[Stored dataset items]
*** Begin section ***

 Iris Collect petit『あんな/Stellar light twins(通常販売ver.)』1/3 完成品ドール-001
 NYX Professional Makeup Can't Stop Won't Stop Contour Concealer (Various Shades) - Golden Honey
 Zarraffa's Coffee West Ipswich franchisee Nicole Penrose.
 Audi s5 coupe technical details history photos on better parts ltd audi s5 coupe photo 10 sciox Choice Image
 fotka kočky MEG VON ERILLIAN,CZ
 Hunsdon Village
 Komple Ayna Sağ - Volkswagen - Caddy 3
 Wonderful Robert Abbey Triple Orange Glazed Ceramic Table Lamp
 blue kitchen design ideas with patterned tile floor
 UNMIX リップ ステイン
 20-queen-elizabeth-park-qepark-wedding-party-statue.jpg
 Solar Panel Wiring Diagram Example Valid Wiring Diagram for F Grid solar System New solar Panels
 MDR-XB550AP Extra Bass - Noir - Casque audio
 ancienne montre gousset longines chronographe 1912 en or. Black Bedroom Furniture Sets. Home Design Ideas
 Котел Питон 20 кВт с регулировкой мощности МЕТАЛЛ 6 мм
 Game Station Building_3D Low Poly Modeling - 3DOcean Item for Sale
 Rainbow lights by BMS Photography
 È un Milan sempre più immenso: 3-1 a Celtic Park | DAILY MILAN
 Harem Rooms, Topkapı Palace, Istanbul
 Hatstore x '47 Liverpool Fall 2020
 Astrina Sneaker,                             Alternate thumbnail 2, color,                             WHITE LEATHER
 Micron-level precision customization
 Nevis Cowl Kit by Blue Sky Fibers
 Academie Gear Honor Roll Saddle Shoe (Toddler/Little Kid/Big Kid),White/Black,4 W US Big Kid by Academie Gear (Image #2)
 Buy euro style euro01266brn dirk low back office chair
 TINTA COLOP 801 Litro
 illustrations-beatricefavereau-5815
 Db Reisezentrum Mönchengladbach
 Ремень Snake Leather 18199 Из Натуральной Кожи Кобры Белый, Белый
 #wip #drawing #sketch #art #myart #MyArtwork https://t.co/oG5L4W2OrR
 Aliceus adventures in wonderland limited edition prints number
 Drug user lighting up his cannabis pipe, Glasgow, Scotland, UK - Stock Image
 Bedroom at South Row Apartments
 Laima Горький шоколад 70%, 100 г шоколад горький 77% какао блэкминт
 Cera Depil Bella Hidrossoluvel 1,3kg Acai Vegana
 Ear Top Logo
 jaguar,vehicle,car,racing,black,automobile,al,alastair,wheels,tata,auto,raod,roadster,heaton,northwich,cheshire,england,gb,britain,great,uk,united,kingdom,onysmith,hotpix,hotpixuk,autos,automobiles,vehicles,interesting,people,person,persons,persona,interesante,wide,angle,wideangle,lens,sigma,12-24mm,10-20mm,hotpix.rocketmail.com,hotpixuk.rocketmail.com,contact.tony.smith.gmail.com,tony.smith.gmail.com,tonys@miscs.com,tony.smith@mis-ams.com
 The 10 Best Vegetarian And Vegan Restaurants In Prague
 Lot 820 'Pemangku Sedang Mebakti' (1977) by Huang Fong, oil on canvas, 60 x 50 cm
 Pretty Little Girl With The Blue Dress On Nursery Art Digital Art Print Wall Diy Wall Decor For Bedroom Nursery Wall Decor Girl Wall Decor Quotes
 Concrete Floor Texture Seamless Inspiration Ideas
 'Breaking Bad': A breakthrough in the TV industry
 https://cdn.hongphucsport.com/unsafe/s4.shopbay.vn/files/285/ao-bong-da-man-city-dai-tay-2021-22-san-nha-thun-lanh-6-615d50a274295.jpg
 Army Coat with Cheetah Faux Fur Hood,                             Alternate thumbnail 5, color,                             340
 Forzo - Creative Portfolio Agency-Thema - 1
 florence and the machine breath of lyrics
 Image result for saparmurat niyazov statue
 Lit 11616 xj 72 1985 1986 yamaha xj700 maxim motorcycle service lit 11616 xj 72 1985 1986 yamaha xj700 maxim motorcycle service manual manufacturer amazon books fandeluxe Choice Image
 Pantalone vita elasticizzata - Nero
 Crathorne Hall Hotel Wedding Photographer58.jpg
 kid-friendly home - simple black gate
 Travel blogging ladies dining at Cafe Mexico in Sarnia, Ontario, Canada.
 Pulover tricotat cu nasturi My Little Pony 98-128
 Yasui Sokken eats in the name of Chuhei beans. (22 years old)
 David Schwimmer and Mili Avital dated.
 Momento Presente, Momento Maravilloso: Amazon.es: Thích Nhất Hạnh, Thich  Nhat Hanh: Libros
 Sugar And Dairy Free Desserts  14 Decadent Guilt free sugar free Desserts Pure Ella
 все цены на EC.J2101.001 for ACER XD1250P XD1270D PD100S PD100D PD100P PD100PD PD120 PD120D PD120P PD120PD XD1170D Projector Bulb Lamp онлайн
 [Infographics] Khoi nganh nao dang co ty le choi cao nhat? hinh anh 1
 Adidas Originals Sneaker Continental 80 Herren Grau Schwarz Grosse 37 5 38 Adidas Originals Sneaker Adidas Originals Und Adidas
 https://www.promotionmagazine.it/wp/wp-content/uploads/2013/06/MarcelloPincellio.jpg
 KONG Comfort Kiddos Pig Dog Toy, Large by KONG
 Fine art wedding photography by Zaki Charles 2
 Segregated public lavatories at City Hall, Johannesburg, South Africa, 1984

*** End section ***

» Required action:
Transcribe every line of the records, keeping each one exact.

» Output of the exercise:
 Iris Collect petit『あんな/Stellar light twins(通常販売ver.)』1/3 完成品ドール-001
 NYX Professional Makeup Can't Stop Won't Stop Contour Concealer (Various Shades) - Golden Honey
 Zarraffa's Coffee West Ipswich franchisee Nicole Penrose.
 Audi s5 coupe technical details history photos on better parts ltd audi s5 coupe photo 10 sciox Choice Image
 fotka kočky MEG VON ERILLIAN,CZ
 Hunsdon Village
 Komple Ayna Sağ - Volkswagen - Caddy 3
 Wonderful Robert Abbey Triple Orange Glazed Ceramic Table Lamp
 blue kitchen design ideas with patterned tile floor
 UNMIX リップ ステイン
 20-queen-elizabeth-park-qepark-wedding-party-statue.jpg
 Solar Panel Wiring Diagram Example Valid Wiring Diagram for F Grid solar System New solar Panels
 MDR-XB550AP Extra Bass - Noir - Casque audio
 ancienne montre gousset longines chronographe 1912 en or. Black Bedroom Furniture Sets. Home Design Ideas
 Котел Питон 20 кВт с регулировкой мощности МЕТАЛЛ 6 мм
 Game Station Building_3D Low Poly Modeling - 3DOcean Item for Sale
 Rainbow lights by BMS Photography
 È un Milan sempre più immenso: 3-1 a Celtic Park | DAILY MILAN
 Harem Rooms, Topkapı Palace, Istanbul
 Hatstore x '47 Liverpool Fall 2020
 Astrina Sneaker,                             Alternate thumbnail 2, color,                             WHITE LEATHER
 Micron-level precision customization
 Nevis Cowl Kit by Blue Sky Fibers
 Academie Gear Honor Roll Saddle Shoe (Toddler/Little Kid/Big Kid),White/Black,4 W US Big Kid by Academie Gear (Image #2)
 Buy euro style euro01266brn dirk low back office chair
 TINTA COLOP 801 Litro
 illustrations-beatricefavereau-5815
 Db Reisezentrum Mönchengladbach
 Ремень Snake Leather 18199 Из Натуральной Кожи Кобры Белый, Белый
 #wip #drawing #sketch #art #myart #MyArtwork https://t.co/oG5L4W2OrR
 Aliceus adventures in wonderland limited edition prints number
 Drug user lighting up his cannabis pipe, Glasgow, Scotland, UK - Stock Image
 Bedroom at South Row Apartments
 Laima Горький шоколад 70%, 100 г шоколад горький 77% какао блэкминт
 Cera Depil Bella Hidrossoluvel 1,3kg Acai Vegana
 Ear Top Logo
 jaguar,vehicle,car,racing,black,automobile,al,alastair,wheels,tata,auto,raod,roadster,heaton,northwich,cheshire,england,gb,britain,great,uk,united,kingdom,onysmith,hotpix,hotpixuk,autos,automobiles,vehicles,interesting,people,person,persons,persona,interesante,wide,angle,wideangle,lens,sigma,12-24mm,10-20mm,hotpix.rocketmail.com,hotpixuk.rocketmail.com,contact.tony.smith.gmail.com,tony.smith.gmail.com,tonys@miscs.com,tony.smith@mis-ams.com
 The 10 Best Vegetarian And Vegan Restaurants In Prague
 Lot 820 'Pemangku Sedang Mebakti' (1977) by Huang Fong, oil on canvas, 60 x 50 cm
 Pretty Little Girl With The Blue Dress On Nursery Art Digital Art Print Wall Diy Wall Decor For Bedroom Nursery Wall Decor Girl Wall Decor Quotes
 Concrete Floor Texture Seamless Inspiration Ideas
 'Breaking Bad': A breakthrough in the TV industry
 https://cdn.hongphucsport.com/unsafe/s4.shopbay.vn/files/285/ao-bong-da-man-city-dai-tay-2021-22-san-nha-thun-lanh-6-615d50a274295.jpg
 Army Coat with Cheetah Faux Fur Hood,                             Alternate thumbnail 5, color,                             340
 Forzo - Creative Portfolio Agency-Thema - 1
 florence and the machine breath of lyrics
 Image result for saparmurat niyazov statue
 Lit 11616 xj 72 1985 1986 yamaha xj700 maxim motorcycle service lit 11616 xj 72 1985 1986 yamaha xj700 maxim motorcycle service manual manufacturer amazon books fandeluxe Choice Image
 Pantalone vita elasticizzata - Nero
 Crathorne Hall Hotel Wedding Photographer58.jpg
 kid-friendly home - simple black gate
 Travel blogging ladies dining at Cafe Mexico in Sarnia, Ontario, Canada.
 Pulover tricotat cu nasturi My Little Pony 98-128
 Yasui Sokken eats in the name of Chuhei beans. (22 years old)
 David Schwimmer and Mili Avital dated.
 Momento Presente, Momento Maravilloso: Amazon.es: Thích Nhất Hạnh, Thich  Nhat Hanh: Libros
 Sugar And Dairy Free Desserts  14 Decadent Guilt free sugar free Desserts Pure Ella
 все цены на EC.J2101.001 for ACER XD1250P XD1270D PD100S PD100D PD100P PD100PD PD120 PD120D PD120P PD120PD XD1170D Projector Bulb Lamp онлайн
 [Infographics] Khoi nganh nao dang co ty le choi cao nhat? hinh anh 1
 Adidas Originals Sneaker Continental 80 Herren Grau Schwarz Grosse 37 5 38 Adidas Originals Sneaker Adidas Originals Und Adidas
 https://www.promotionmagazine.it/wp/wp-content/uploads/2013/06/MarcelloPincellio.jpg
 KONG Comfort Kiddos Pig Dog Toy, Large by KONG
 Fine art wedding photography by Zaki Charles 2
 Segregated public lavatories at City Hall, Johannesburg, South Africa, 1984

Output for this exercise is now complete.